30 June 2026 to 1 July 2026
Europe/London timezone

The Ghost Collider

30 Jun 2026, 14:50
20m
Oral Submissions Contributed talks

Speaker

Peter Williams

Description

The Ghost Collider (GC) is an innovative proposal for a 550 GeV centre-of-mass (275 GeV per beam) linear collider with four interaction regions arranged in series, each with the design luminosity. The primary innovation is the use of “ghost bunches” containing equal numbers of electrons and positrons, thereby net electrically neutral. In the linacs, energy is transferred between electrons and positrons within the same bunch, decelerating one type of particle and using its energy to accelerate the other: GC thus comprises a new class of Energy Recovery Linac. At the interaction points, collisions occur between two neutral ghost bunches thereby mitigating beam-beam disruption, ensuring all particles and their energy can be recycled with minimal loss.

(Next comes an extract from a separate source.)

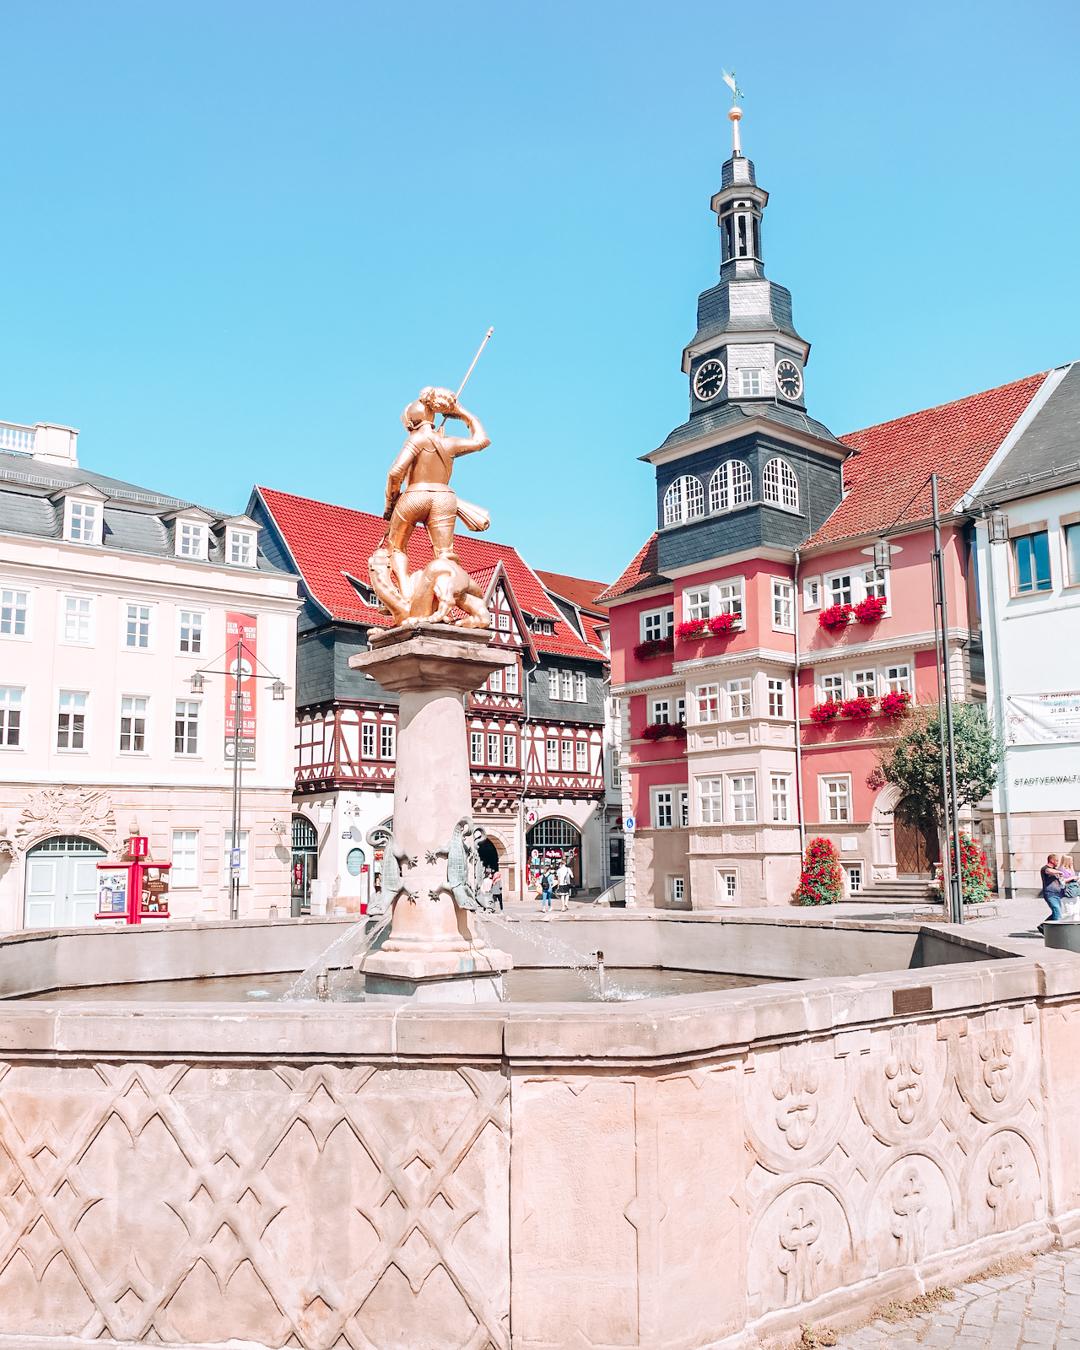 A fountain and buildings in Eisenach

GC however requires large turn-around arcs at either end, therefore we also introduce an alternative topology, a fully Linear Ghost Collider (LGC). This enables a large reduction in power lost to synchrotron radiation, and in bunch degradation, in comparison to GC. Two variants of LGC are presented: a pulsed version realisable with proven superconducting radio-frequency (SRF) technology with instantaneous luminosity 35 × 10^34 cm−2 s−1 @ 100 MW electrical power; and a continuous-wave (CW) version based on expected parameters for thin-film Nb3Sn-on-copper SRF technology, capable of 348 × 10^34 cm−2 s−1 @ 160 MW electrical power.

These are, respectively, one and two orders of magnitude higher luminosity than the established Linear Collider Facility @ CERN proposal (LCF), with significantly reduced power consumption. We therefore discuss LGC as a luminosity upgrade of LCF, and compare to alternative proposed Higgs Factories.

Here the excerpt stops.